- AIM OF THE TASK
An exact transcription is needed of the lines below from the one with "Suede gommino bubble loafers" through the one with "Orphelia Women's Quartz", with no other lines and no pictures.

== RECORDS

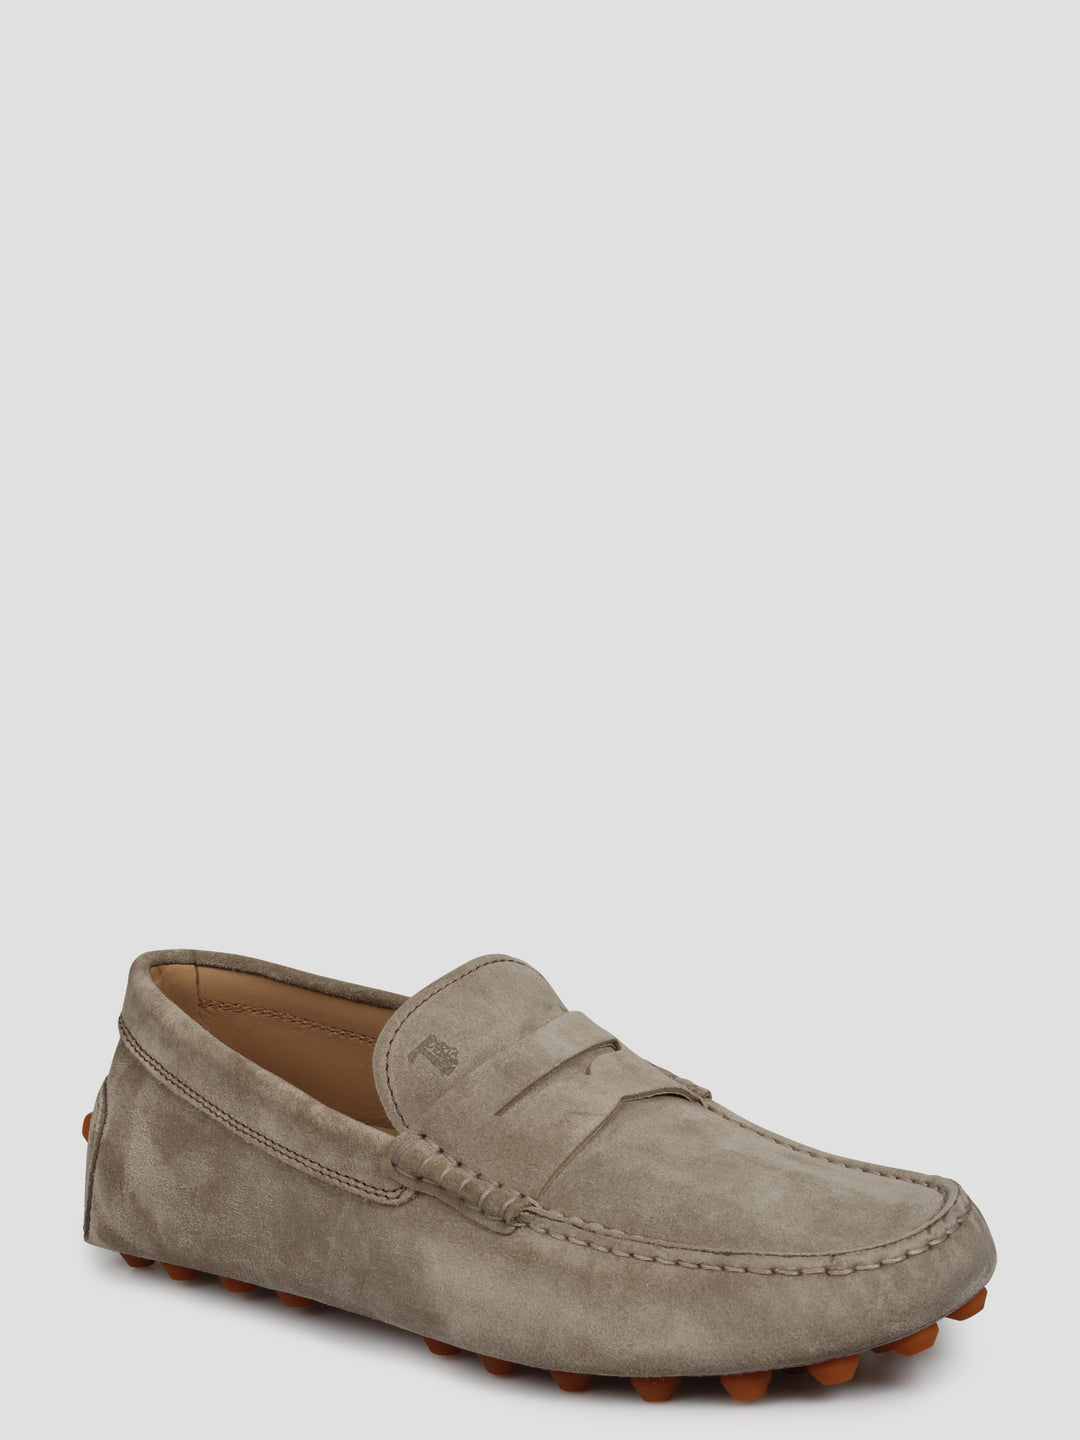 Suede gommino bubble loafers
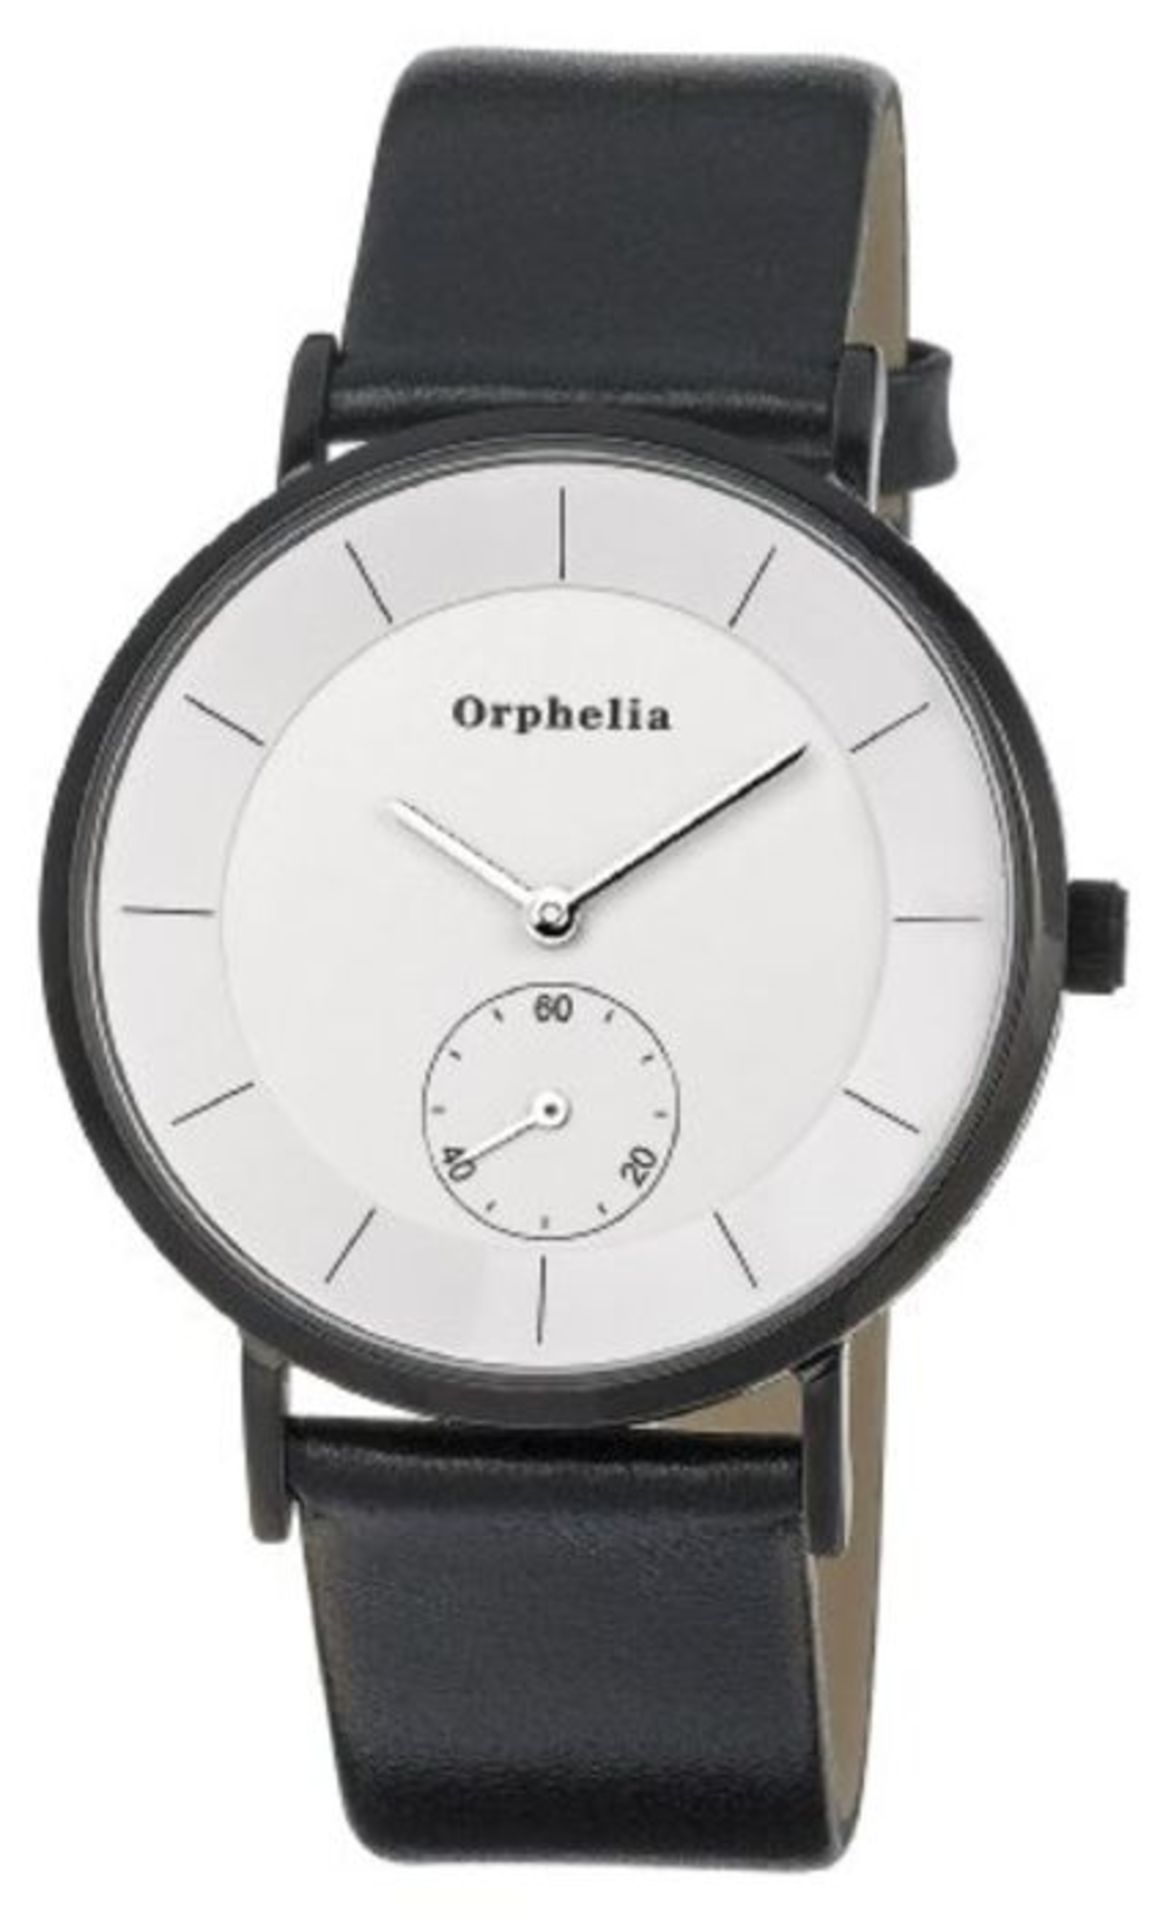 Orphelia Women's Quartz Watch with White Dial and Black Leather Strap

====
== RECORDS

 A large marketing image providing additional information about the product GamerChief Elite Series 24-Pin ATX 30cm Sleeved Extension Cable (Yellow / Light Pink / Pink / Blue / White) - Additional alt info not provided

====
== RECORDS

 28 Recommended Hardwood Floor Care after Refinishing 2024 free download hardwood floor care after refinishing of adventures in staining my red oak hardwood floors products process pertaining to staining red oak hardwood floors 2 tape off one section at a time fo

====

- TASK OUTPUT
 Suede gommino bubble loafers
 Orphelia Women's Quartz Watch with White Dial and Black Leather Strap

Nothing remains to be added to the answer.